Exercise prompt: Write out exactly, excluding pictures, the lines from the one containing "Hotel Ærø Svendborg | Golf på Fyn" through the end of the data, both included.

+++ Supplied information +++

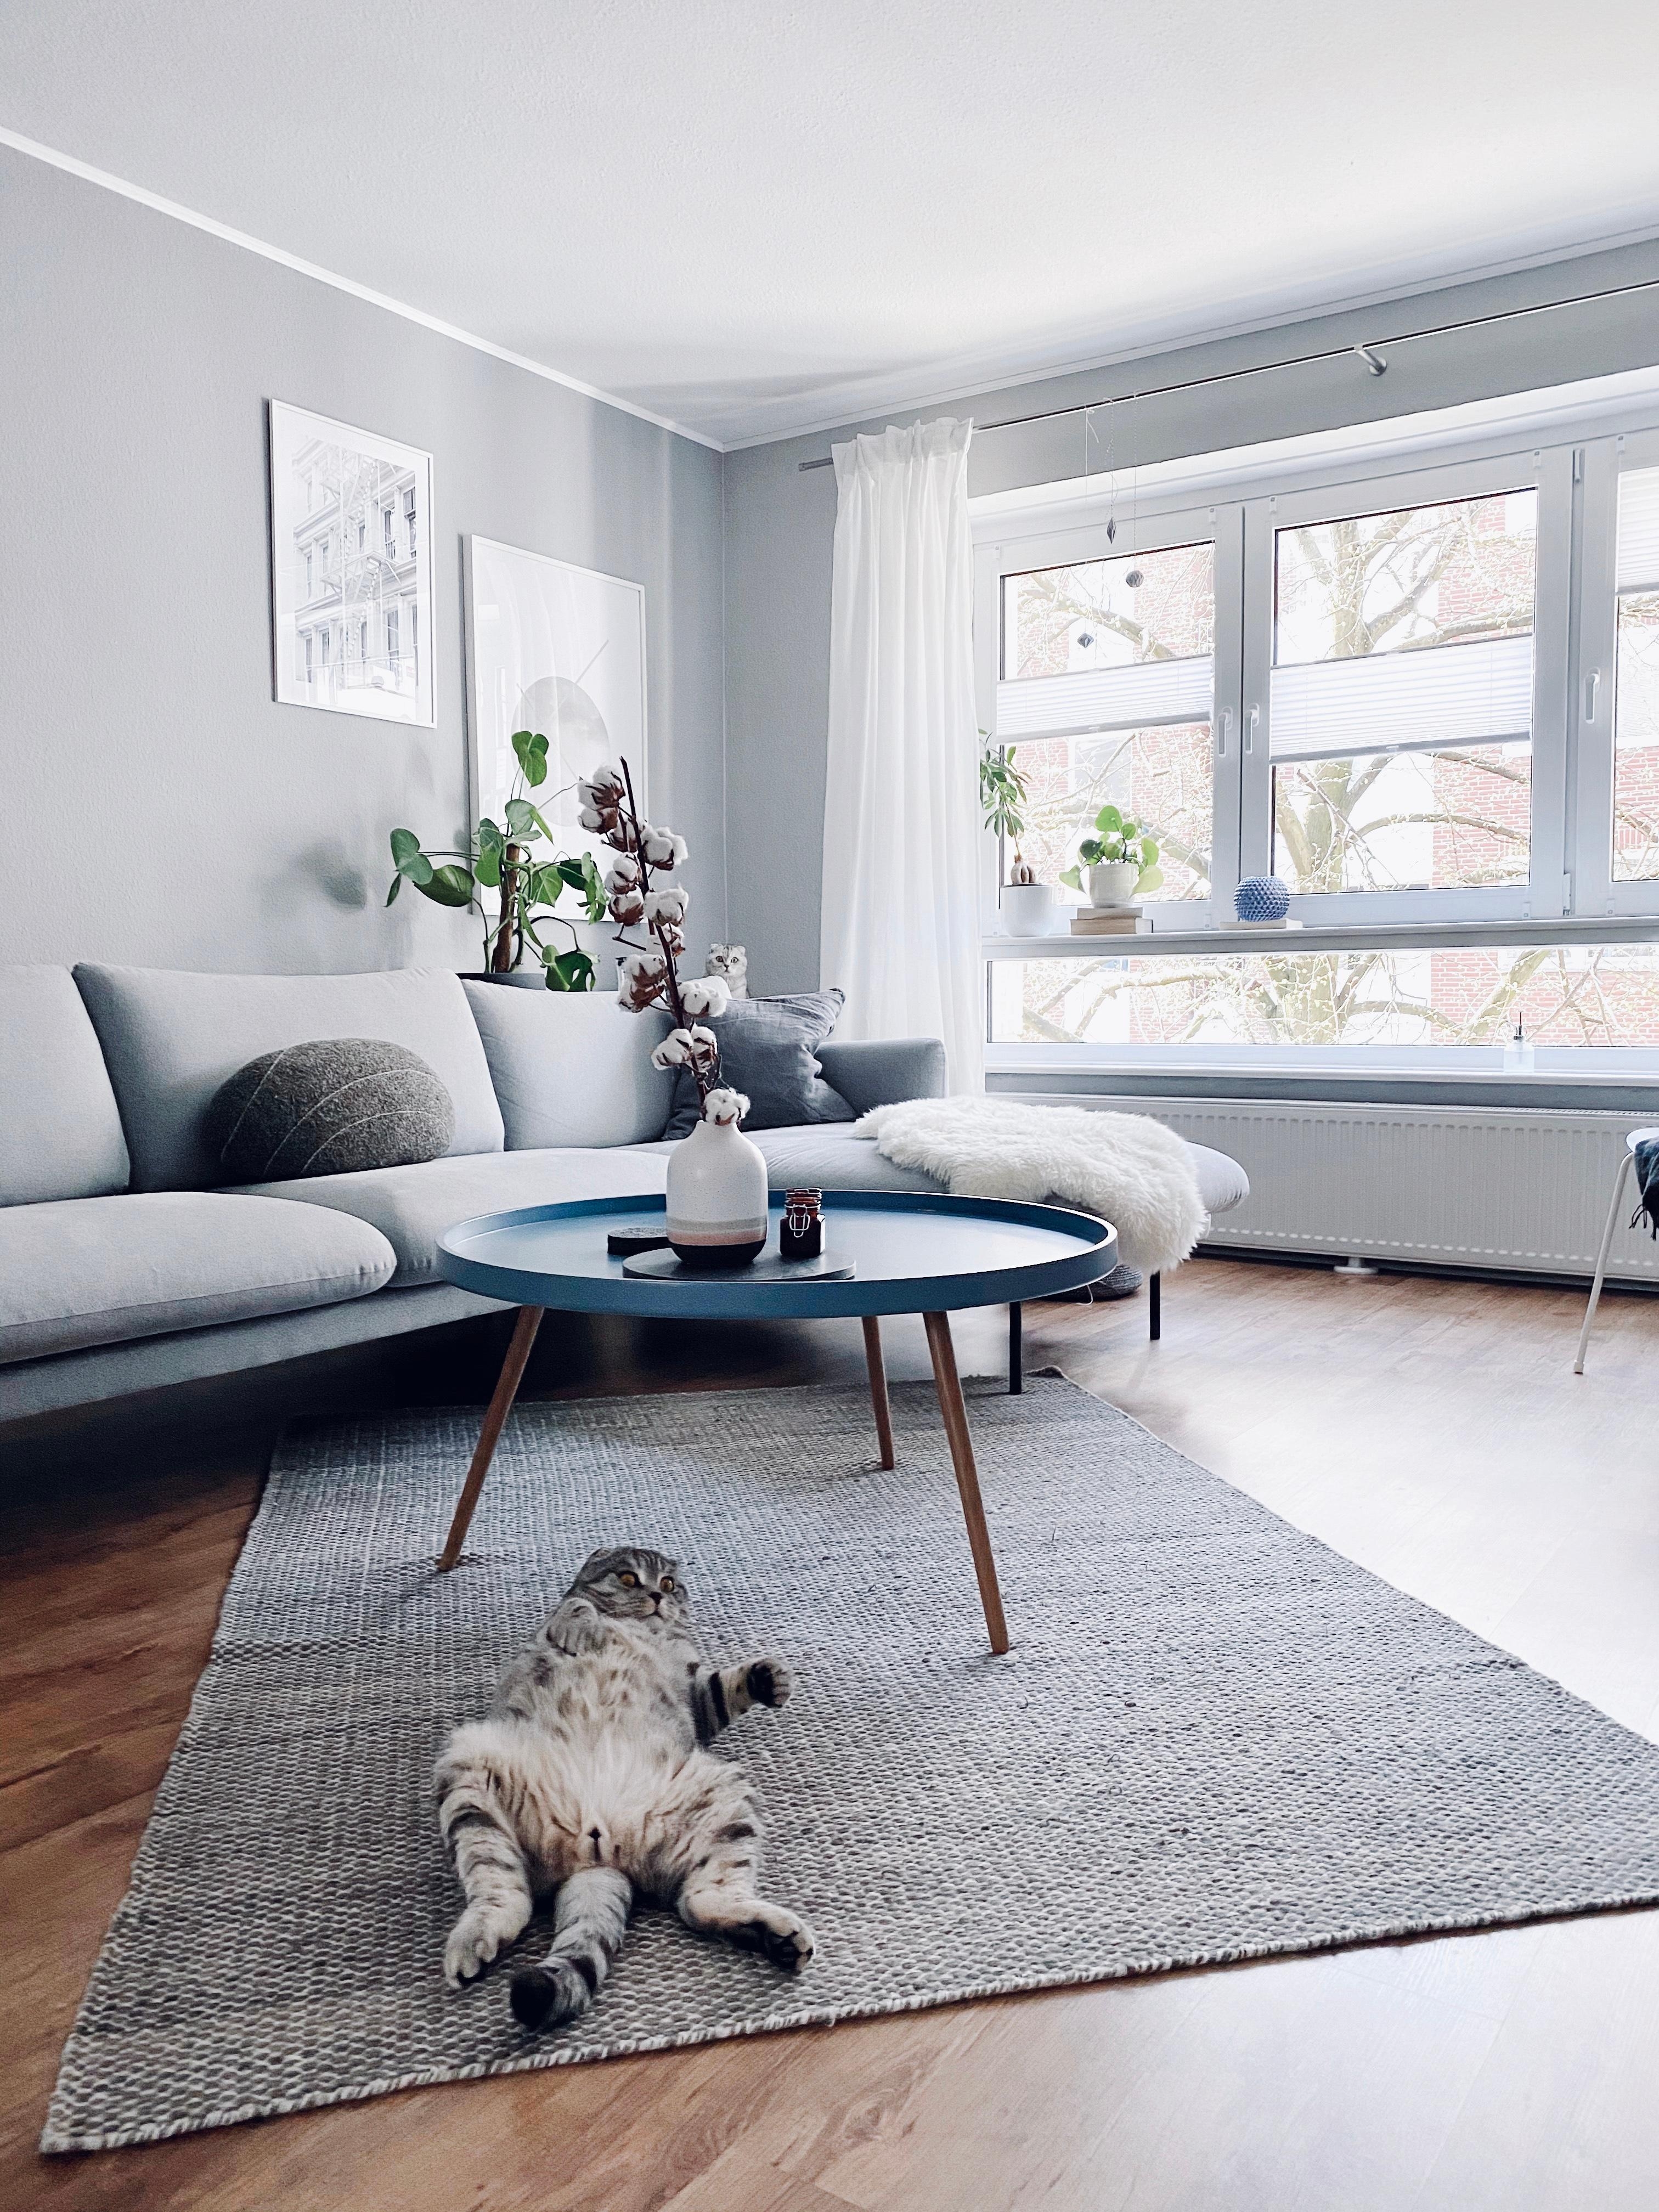 Schöne Feiertage! 
#interior #livingroom #catlover #greylover #monochrome #minimalism
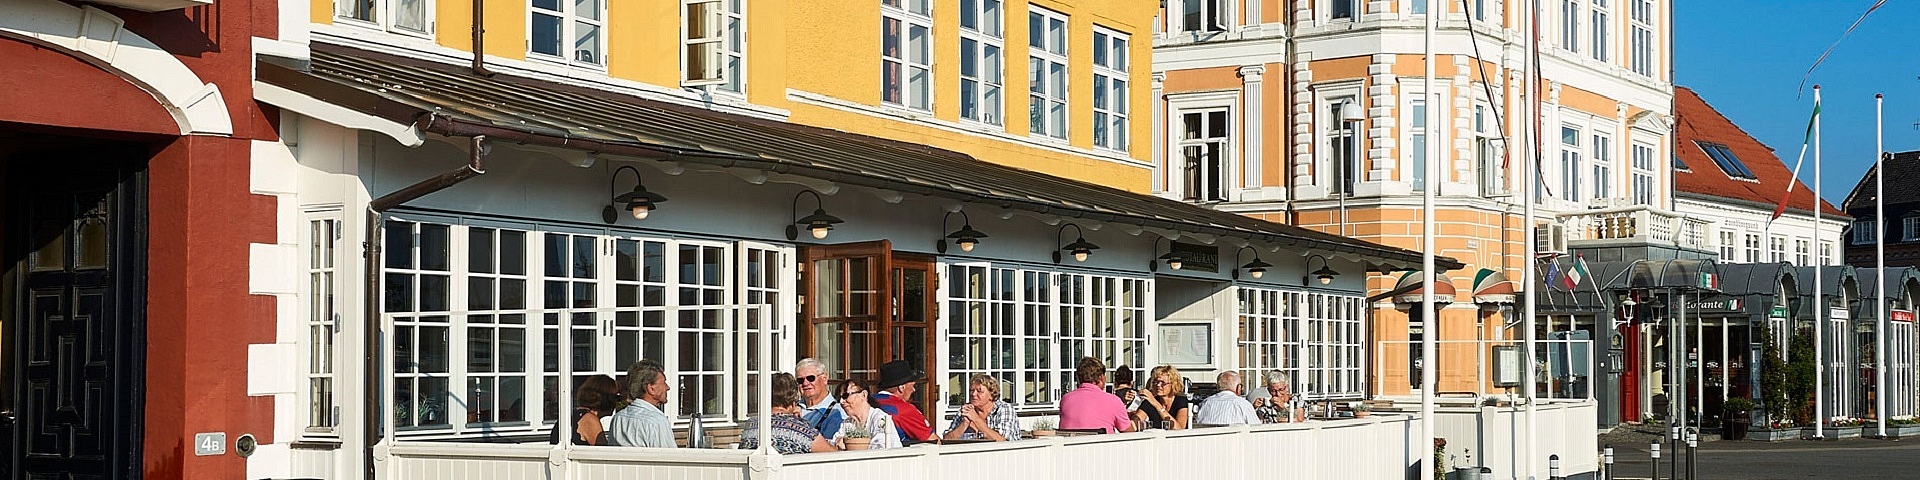 Hotel Ærø Svendborg | Golf på Fyn
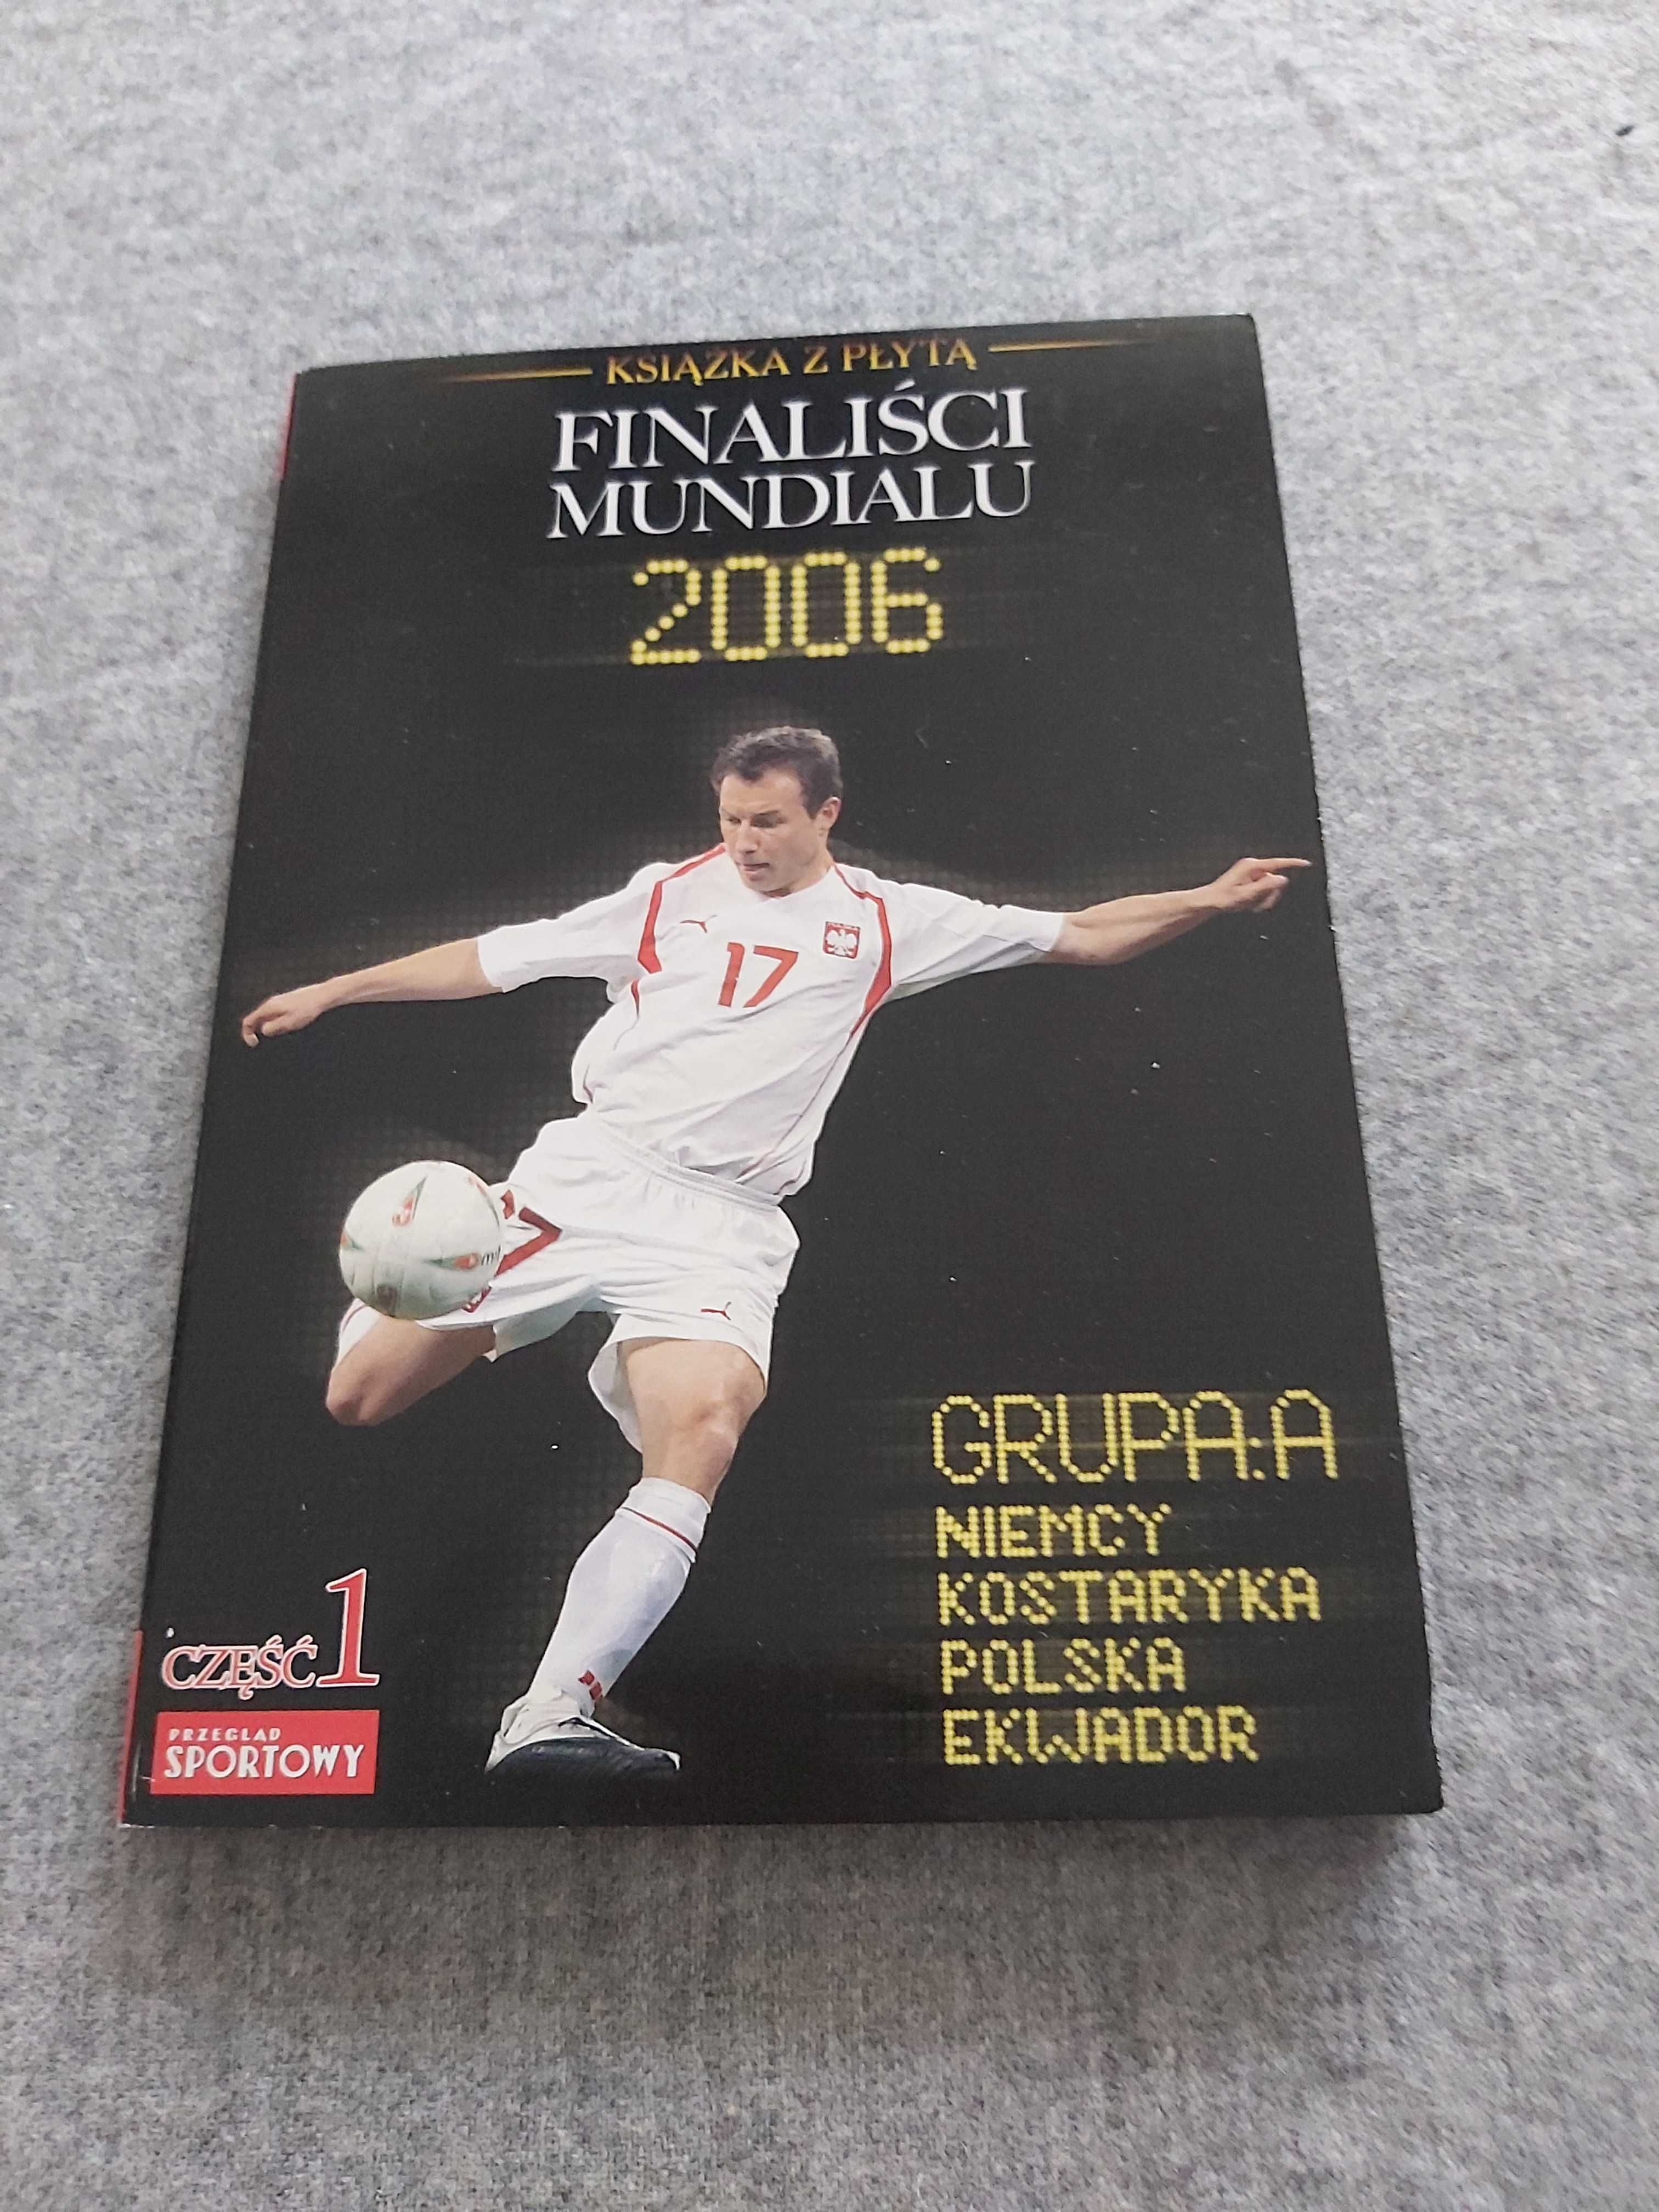 Finaliści Mundialu 2006 książka z płytą część 1

+++

Answer section:
 Hotel Ærø Svendborg | Golf på Fyn
 Finaliści Mundialu 2006 książka z płytą część 1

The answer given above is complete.